В глазах старшего ломается лед, он прет вперед с грацией танка. Сильверхенд, гибкий и изящный, хотя и уже достаточно мощный, легко уклоняется от двух ударов, отхватывает по почкам справа от второго соперника. Третий наваливается, доставая в лицо. Джонни налетает на стол, отталкивается ногой, оглушая противника, пытающегося взять его сзади в захват, о стену. Падает на колени сам под тяжестью обмякающего тела. Мужики, судя по всему, настоящие ветераны, не поддельные. Похоже, он-таки отхватит сегодня пизды. И вовсе не той, которой планировал.
Помощь приходит неожиданно в лице хайрастого пацана-музыканта, до этого безразлично цедившего пиво в углу за стойкой. Тот молча, хищно и сосредоточенно охуячивает одного из противников бутылкой по голове и прицельно лупит с ноги сзади под колено второго, заставляя взвыть.
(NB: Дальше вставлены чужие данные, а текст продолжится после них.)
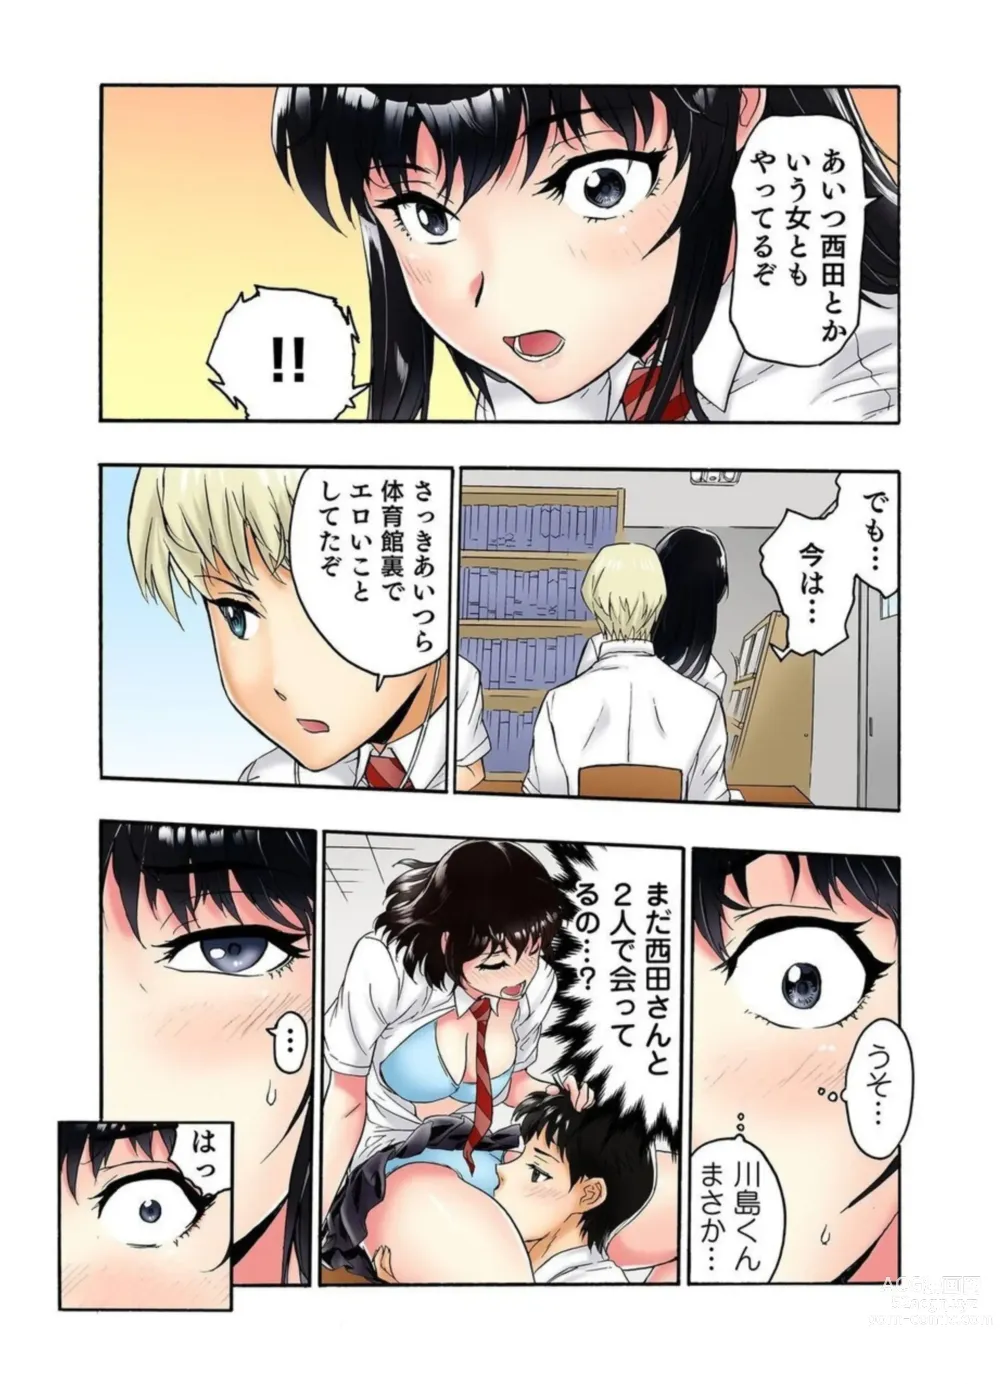 Page 47 of manga Tenkousei no Seki ga Ore no Hiza no Ue ni Kimatta no de Hame Temita Dai 2-bu 1-2

Ви коротко кивает с благодарностью и поднимается на ноги. Пацан-гитарист не ограничивается оказанной помощью, жарко и весело присоединяется к творящемуся беспределу. Их двое против троих. Четвертый, ласково опиздяченный бутылкой, славно отдыхает на заплеванном полу. Молодость по итогу побеждает.
Через полчаса они сидят рядом на бордюре под беззвездным небом Найт-Сити, из бара их закономерно выперли за драку.
Джонни запрокидывает голову, стараясь унять носовое кровотечение.
- Керри, – хайрастый пацан с филиппинским хитроватым лицом вытирает запачканную своей кровью руку о джинсы и протягивает ладонь Джонни. Тот пожимает ее, не опуская головы.
- Джонни. Ты редкий чум, Кер, – хорош и в музыке, и в драке, – на миг Сильверхенд меняет положение и отхлебывает из бутылки, морщась.
- Да и ты неплох. Ну не отстой, во всяком случае, – ухмыляется Керри, стаскивает с головы бандану, проводя ею по разбитой губе, а потом протягивает ее Джонни. Тот косится, но принимает, прижимает к носу.
- И это говорит мне чум, слажавший как минимум восемь раз за вечер, не попадая в ноты, – голос Сильверхенда звучит гнусаво, Кер смеется.
- Охуеть какое ценное замечание от настоящего трехаккордного панка. Подлечишься? – из кармана джинсовой драной жилетки появляется пакетик с колесами. Джонни молча протягивает ладонь.
К ним возвращаются девчонки, отходившие, как и обычно, в туалет. Ночь обещает быть интересной и жаркой.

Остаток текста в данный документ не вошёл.